Empezaron cambiando la esencia del principio constitucional, que garantizaba la aplicación de derechos fundamentales, para priorizar el pago a las entidades financieras. Aprobaron una amnistía fiscal que permitió que los delincuentes de cuello blanco, estafadores que merman la sanidad y educación pública, quedarán indemnes de cualquier sanción. Aprobaron una reforma laboral que dinamitó nuestra defensa ante la explotación laboral, permitiendo enmascarar despidos improcedentes en despidos objetivos. Legalizaron el racismo en la sanidad pública. Incrementaron las tasas para obstaculizar a los más pobres el acceso a la educación. Rescataron y rescatan a los bancos, haciendo un bote común con nuestros impuestos, mientras nos expulsan de nuestras casas tras habernos expulsados de nuestros trabajos.

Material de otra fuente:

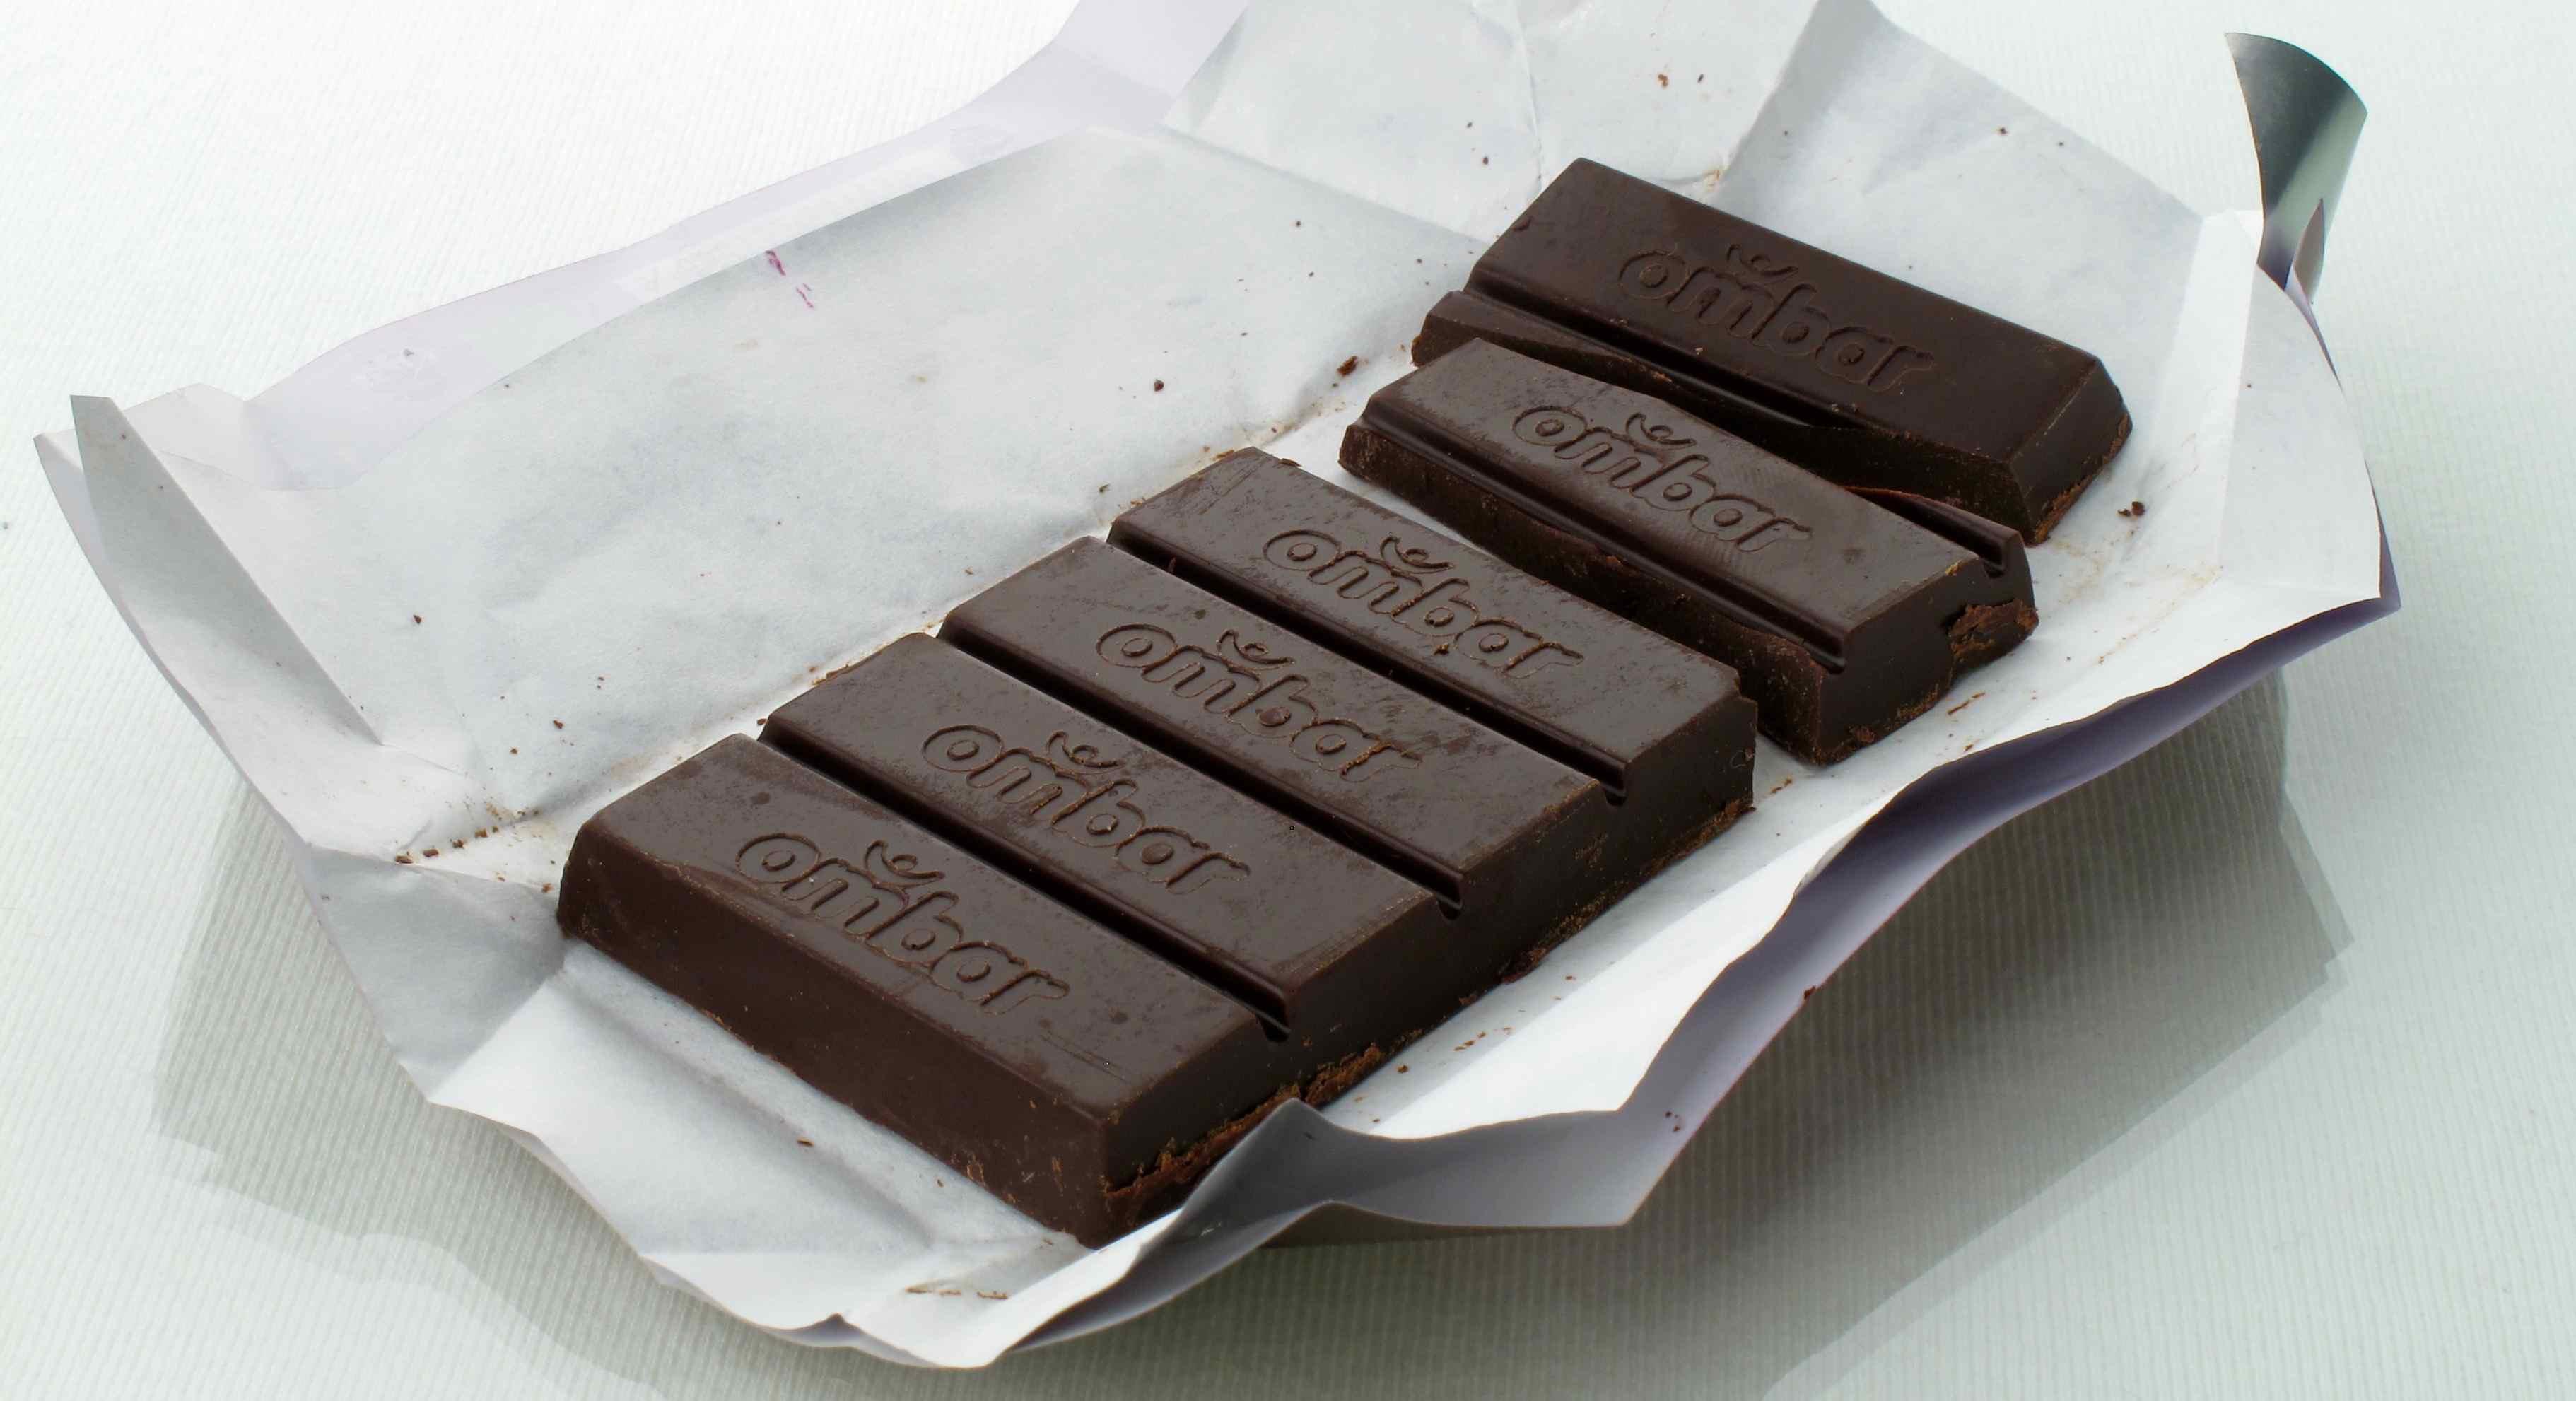 Ombar chocolate acai inside

Dicen que queremos dar un golpe de Estado. Pero no es cierto. Lo que queremos es dar un golpe encima de la mesa. Queremos alcanzar la democracia. Queremos una legalidad que nos represente y nos defienda. Queremos vivir sin miedo. Porque tenemos propuestas, reivindicaciones, necesidades. Porque el 25S es un arma cargada de propuestas de futuro. Porque para poder recuperar nuestra soberanía, nos hemos dado cuenta de que es imprescindible un Congreso liberado.